Most motherboards that support Intel Pentium processors also support their equivalents from AMD and Cyrix. In fact, usually, these chips install just as an Intel chip, other than the fact that you may need to set different jumper settings for bus speed or voltages. I must note here, though, that the different voltages of the CPU's and whether the board will support it is not a function of the chipset, but of the voltage regulator. But, since Intel is the largest manufacturer of Pentium-class and higher chipsets, AMD and Cyrix are at a disadvantage. AMD has evened out the field a tad with their AMD-640 chipset, aimed at optimizing the performance of AMD's K6. But also, companies such as Via and ALI are producing Super 7 chipsets aimed at non-Intel processors.

Processor Speed Support

Faster processors require chipsets capable of handling them. The specification of the processor speed is done using two parameters: the memory bus speed and the processor multiplier. The memory bus speed is the processor's "external" speed, the speed it talks to the rest of the computer at. The memory bus speed also (normally) dictates the speed of the PCI local bus, which in most motherboards runs at half the memory bus speed. Typical modern bus speeds are 50, 60, 66 and 75 MHz. Faster systems use 83MHz or even 100MHz bus speeds. The multiplier represents the number by which the memory bus speed must be multiplied to obtain the processor speed.

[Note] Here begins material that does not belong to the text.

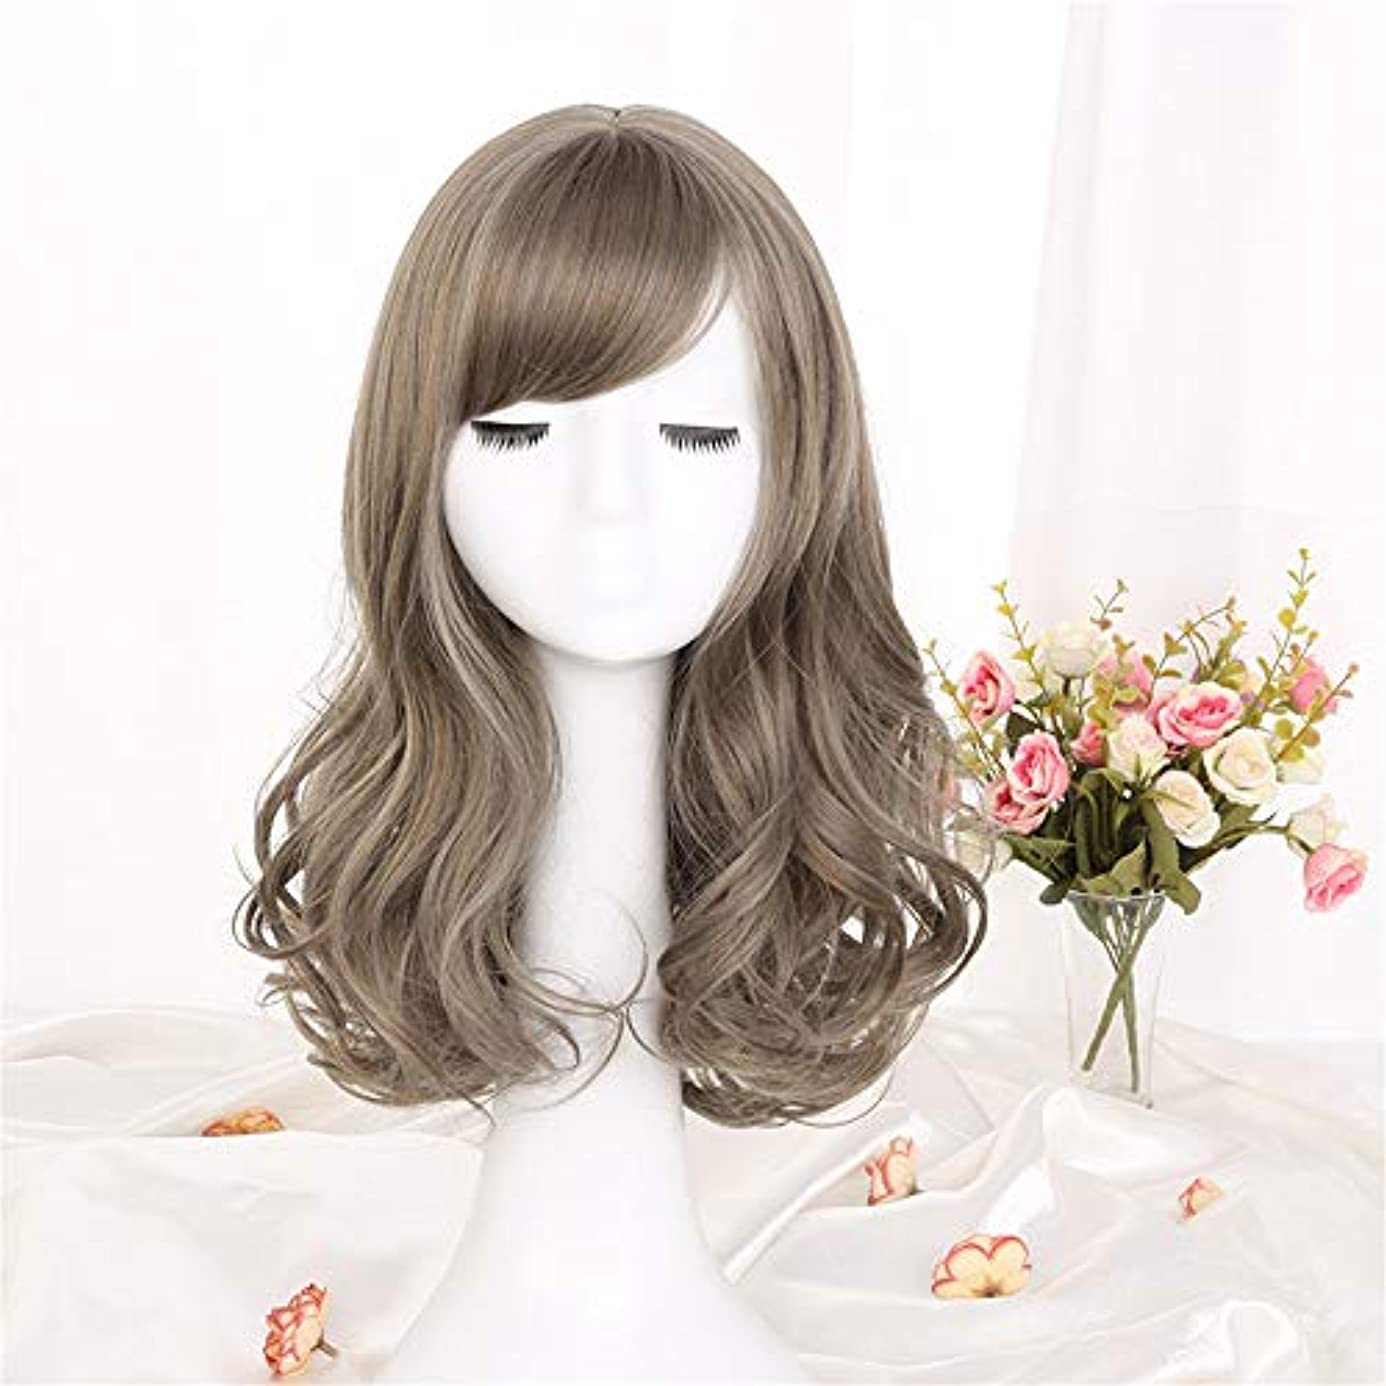 早くグラディスふりをするウィッグ髪化学繊維フードミディアム長波高温合成繊維ウィッグ女性用ウィッググリーンウッドリネンアッシュ42cm

Multipliers on modern PCs are normally 1.5x, 2x, 2.5x, 3x, 3.5x, or 4x, though faster processors will eventually increase this.

The chipset runs at the speed of the motherboard bus, usually 66MHz in most systems. With chipsets such as Intel's 440BX, Via's MVP3, and ALI's Aladdin V, many newer PC's are pushing 100MHz bus speeds. This particularly helps the performance of Super 7 systems because the L2 cache runs at the speed of the motherboard. This doubles L2 cache speeds. With Pentium II's, the L2 cache is already running at 1/2 the speed of the processor, so increasing the bus to 100MHz won't help out as much.

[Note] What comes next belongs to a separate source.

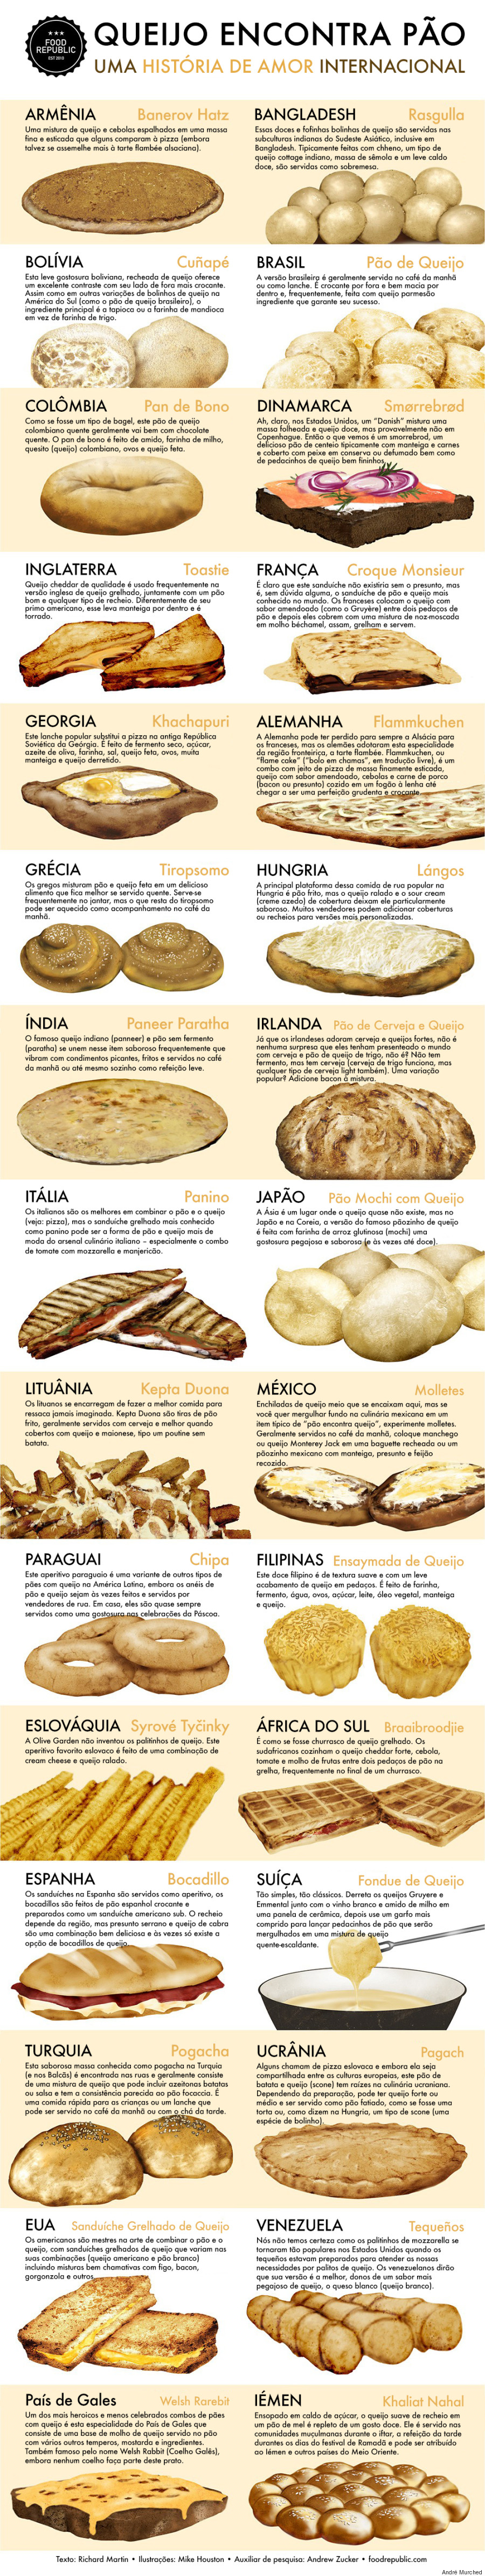 pão e queijo pelo mundo

The range of the processor speeds supported by the chipset is indicated, generally, by looking at the range of supported memory bus speeds and multipliers. A typical Pentium chipset will support bus speeds of 50 to 66 MHz with a multiplier range of 1.5x to 3.0x. This yields speeds of 75, 90, 100, 120, 133, 150, 166 and 200 MHz.

Multiple Processor Support

Some chipsets support the ability to make motherboards that support two or four processors. The chipset circuitry coordinates the activities of the processors so that they don't interfere with each other, and works with the operating system software to share the load between them. The standard for multiprocessing in Pentium and Pentium Pro PCs is Intel's SMP (symmetric multiprocessing). It only works with Intel processors. Of course, I should make note that, in order to successfully have a multi-processor system, that much more than a supporting chipset is needed. You must have compatible CPU's and a supporting OS.

Most modern computers use three bus types: the ISA bus for slower, older peripherals, the PCI bus, and the AGP Bus.

The chipset controls these buses. It transfers information to and from them and the processor and memory. The chipset's capabilities in this area determine what kinds of buses the system supports and how fast they can get. For this reason, Intel calls its chipsets "PCIsets". Most modern PCs support the ISA and PCI buses, but older chipsets support the VESA Local Bus instead of PCI.

Bus Bridges

A "bridge" is a networking term that refers to a piece of hardware that connects two dissimilar networks and passes information from the computers on one network to those on the other, and vice-versa. In this way, the chipset must use bus bridges to connect together the different bus types it controls. The most common of these is the PCI-ISA bridge, which is used to connect together devices on these two different buses.

IDE/ATA Hard Disk Controller

Almost all motherboards now have support for four IDE (ATA) hard disks integrated into them, two on each of two channels. Integrating this support makes sense for a number of reasons, among them the fact that these drives are on the PCI bus, so this saves an expansion slot and reduces cost. The data transfer rate of IDE drives is based on their using programmed I/O (PIO) modes, and use of the fastest of these modes depends on support from the PCI bus and chipset. The ability to set a different PIO mode for each of the two devices on a single IDE channel, called independent device timing, is also a function of the chipset. Without this feature, both devices must run at the speed of the slowest drive.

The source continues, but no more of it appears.